Aquel día se esperaba para él una joven encajera de dieciséis años cuyo ojo ciego era
considerado como un verdadero modelo, pero él ignoraba que se le había preparado
este regalo, y como la joven mandó aviso de que no la esperaran porque aquella
mañana no había podido zafarse de sus padres, la Guérin, que sabía que Dupont no
me había visto nunca, me ordenó que me vistiera de burguesa, que tomase un coche
al final de la calle y que llegara a la casa un cuarto de hora después que hubiese
llegado Dupont, ante quien debería representar mi papel, haciéndome pasar por una
empleada de una casa de modas. Pero por encima de todo, lo más importante era que
me llenase el estómago con media libra de anís y después con un gran vaso de un
licor balsámico que ella me dio y cuyo efecto debía ser el que se verá en seguida.
Todo se realizó lo mejor que se pudo; felizmente habíamos dispuesto de algunas horas
para que nada faltase. Llego poniendo cara de boba, me presentan al financiero,
quien al principio me mira atentamente, pero como yo estaba muy alerta, no pudo
descubrir en mí nada que desmintiera la historia que le habían contado.

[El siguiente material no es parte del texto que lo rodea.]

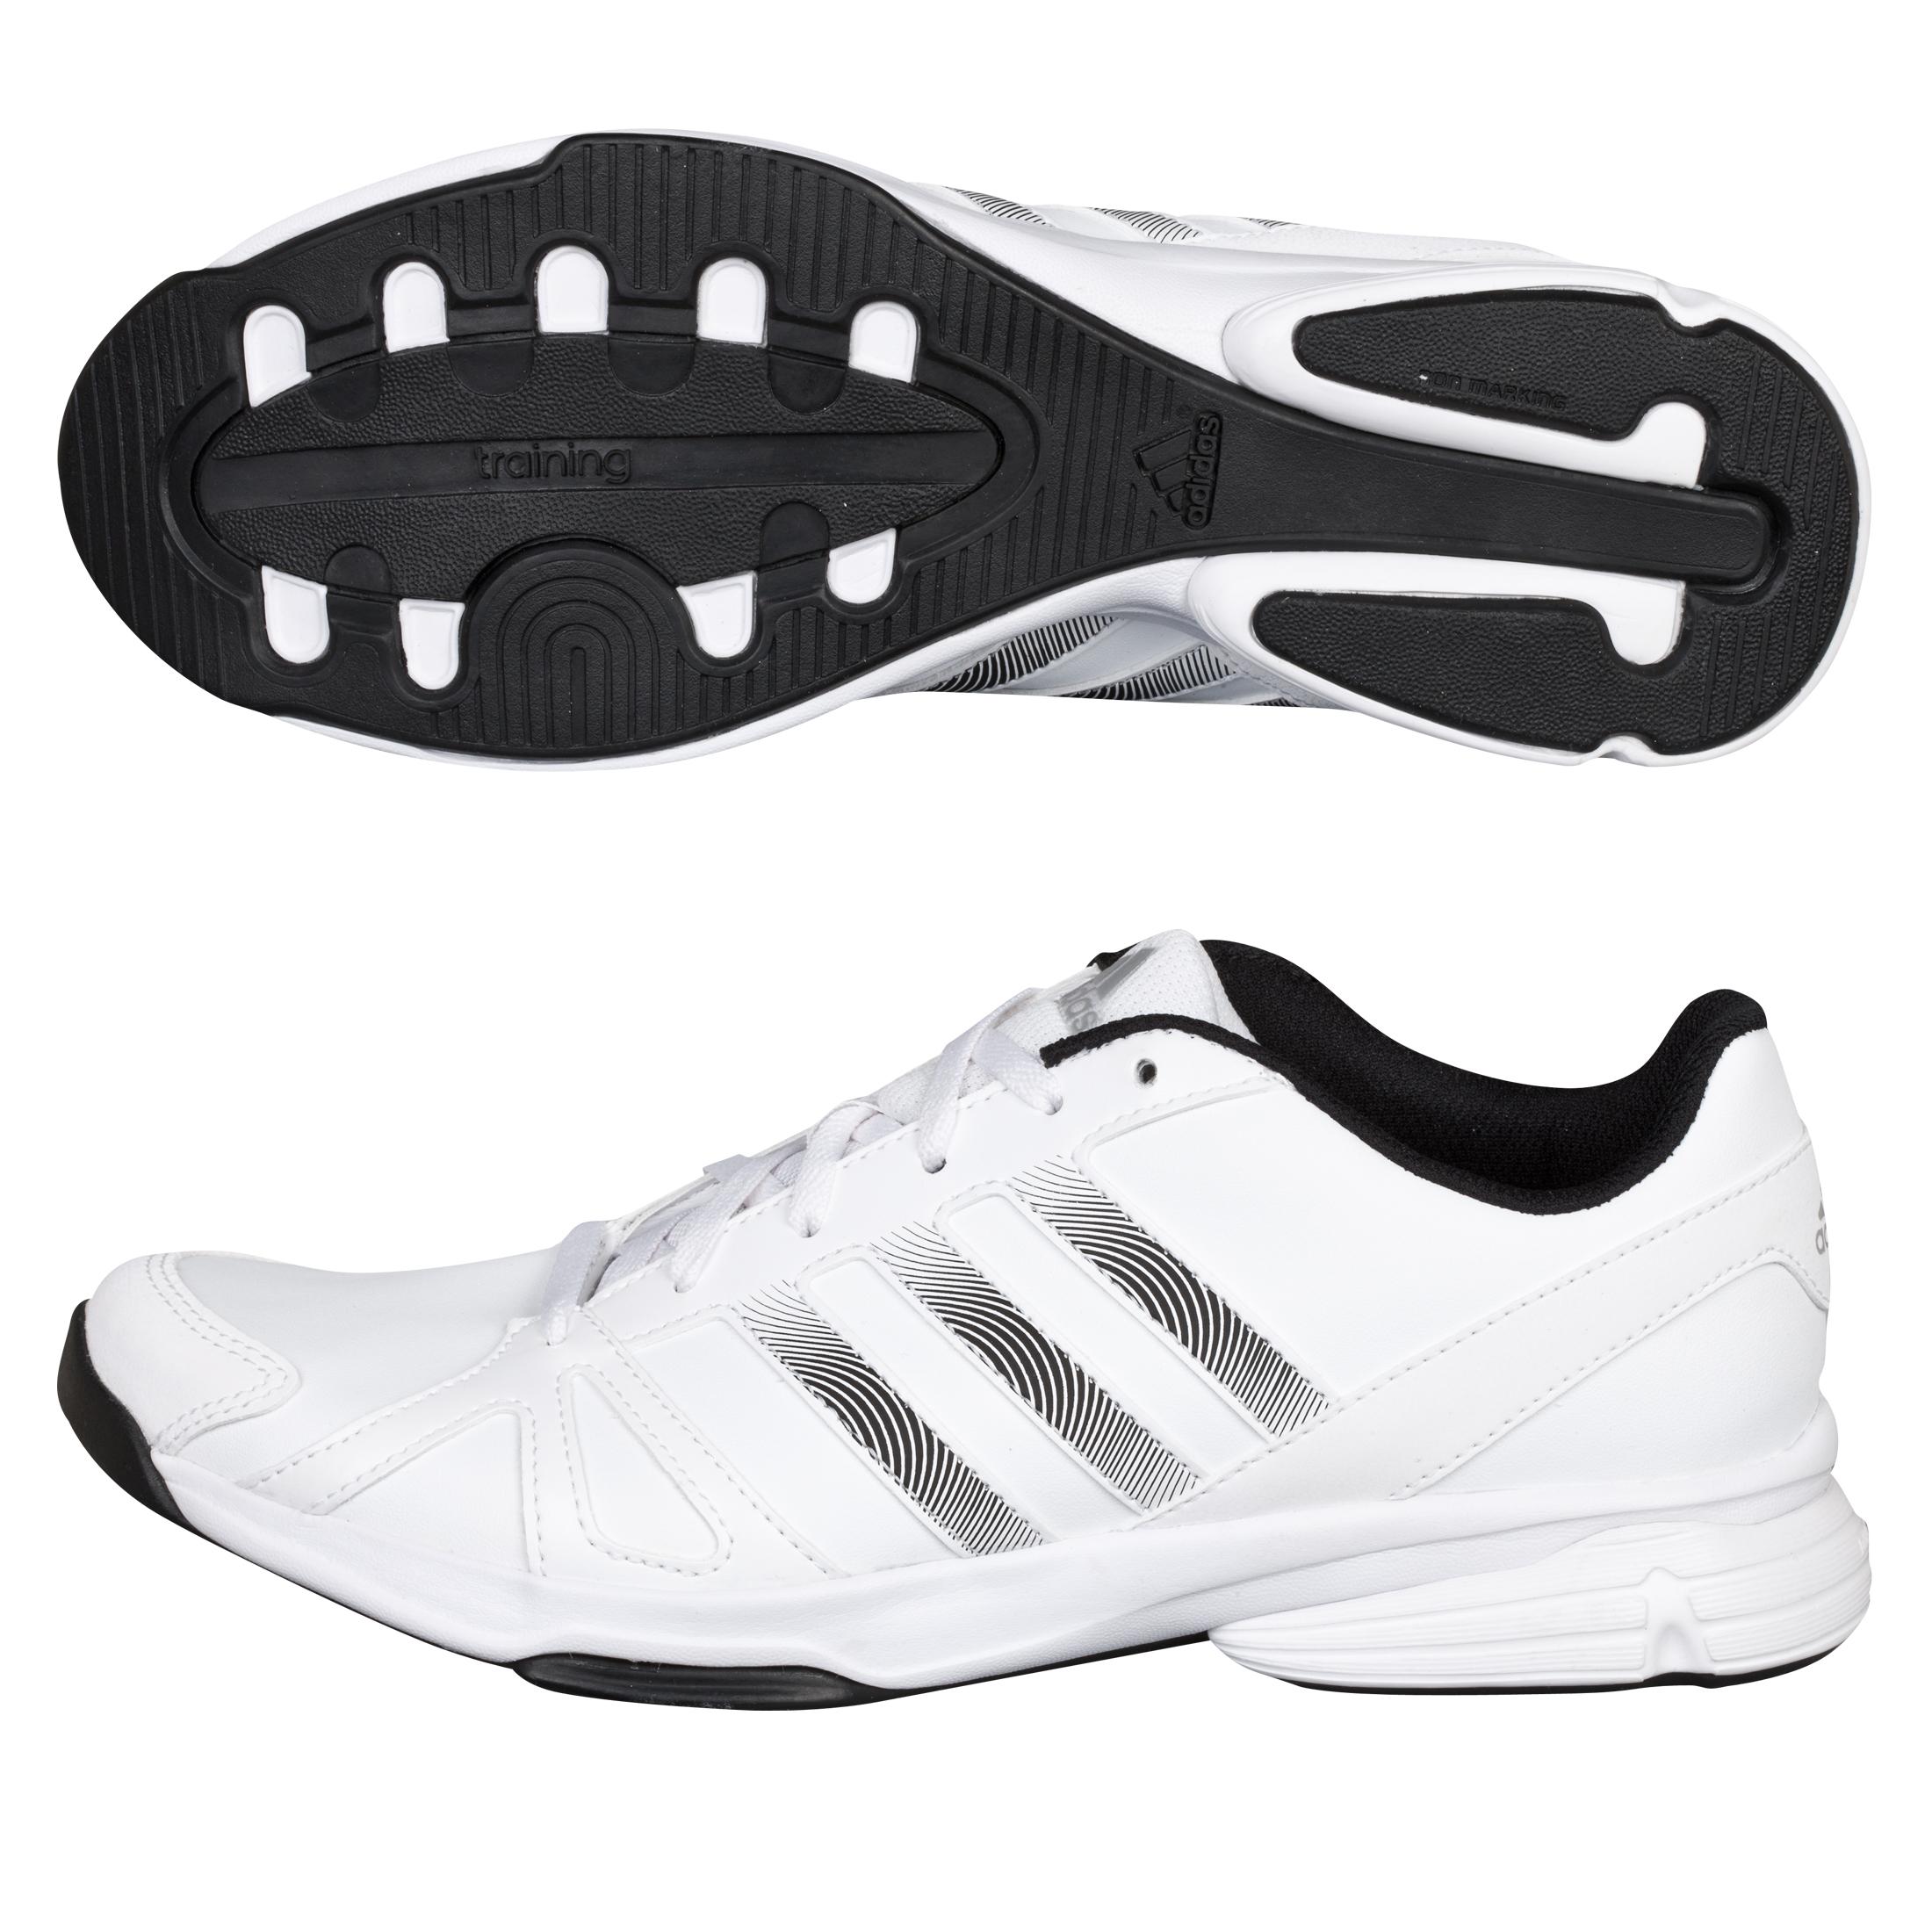 Adidas Sumbrah 2 Trainer - Womens

-¿Es virgen? -preguntó Dupont.
-No por aquí -dijo la Guérin, poniendo una mano sobre mi vientre-, pero lo es
por el otro lado, respondo de ello.
Y mentía descaradamente. Pero no importa, nuestro hombre se tragó la mentira,
que es lo que se necesitaba.
-Arremángala, arremángala -dijo Dupont.
Y la Guérin levantó mis faldas por detrás, haciéndome inclinar ligeramente hacia
ella, y descubrió al libertino el templo entero de su homenaje. El hombre mira, toca
un momento mis nalgas, las abre con sus dos manos, y satisfecho sin duda de su examen,
dice que el ojo ciego está en condiciones de ser aceptado. Luego me hace algunas
preguntas sobre mi edad y mi oficio y, contento con mi pretendida inocencia y el aire
de ingenuidad que adopto, me hace subir a su aposento, porque tenía uno en casa de
la Guerín, donde sólo entraba él y no podía ser observado desde ninguna parte. En
cuanto entramos, cierra la puerta con cuidado y, tras haberme contemplado unos
momentos, me pregunta en un tono bastante brutal, carácter que marca toda la
escena, me pregunta, digo, si es realmente verdad que nunca me han estropeado por el
ojo ciego. Como formaba parte de mi papel ignorar semejante expresión, me hice repetir,
asegurándole que no comprendía lo que quería decir, y cuando por gestos me dio a
entender lo que quería decir de una manera en que no había medio de seguir
demostrando ignorancia, le contesté, asustada y pudorosa, que nunca me había
prestado a tales infamias. Entonces me dijo que quitara solamente las faldas, y en
cuanto hube obedecido, dejando que mi camisa continuase ocultando la parte de
delante, él la levantó por detrás todo lo que pudo debajo de mi corsé, y como al
desnudarme mi pañuelo del cuello había caído y mis pechos quedaron al descubierto,
se enfadó.
- ¡Qué el diablo se lleve tus berzas! -exclamó-. ¿Quién te pide las berzas? Esto es lo
que me hace perder la paciencia con todas esas criaturas, siempre esa impúdica manía
de mostrar las tetonas.
Y cubriéndome rápidamente, me acerqué a él como para pedirle excusas, pero
advirtiendo que le mostraba la parte delantera de mi cuerpo en la actitud que iba a
tomar, se enfureció una vez más:
- ¡Eh!, no te muevas de como te había colocado, ¡dios! -dijo, agarrándome por las
caderas y poniéndome de modo que sólo le presentase el ojo ciego-. Quédate así, jorobar,
me importan un bledo tus pechos y tu shishi, lo único que necesito es tu ojo ciego.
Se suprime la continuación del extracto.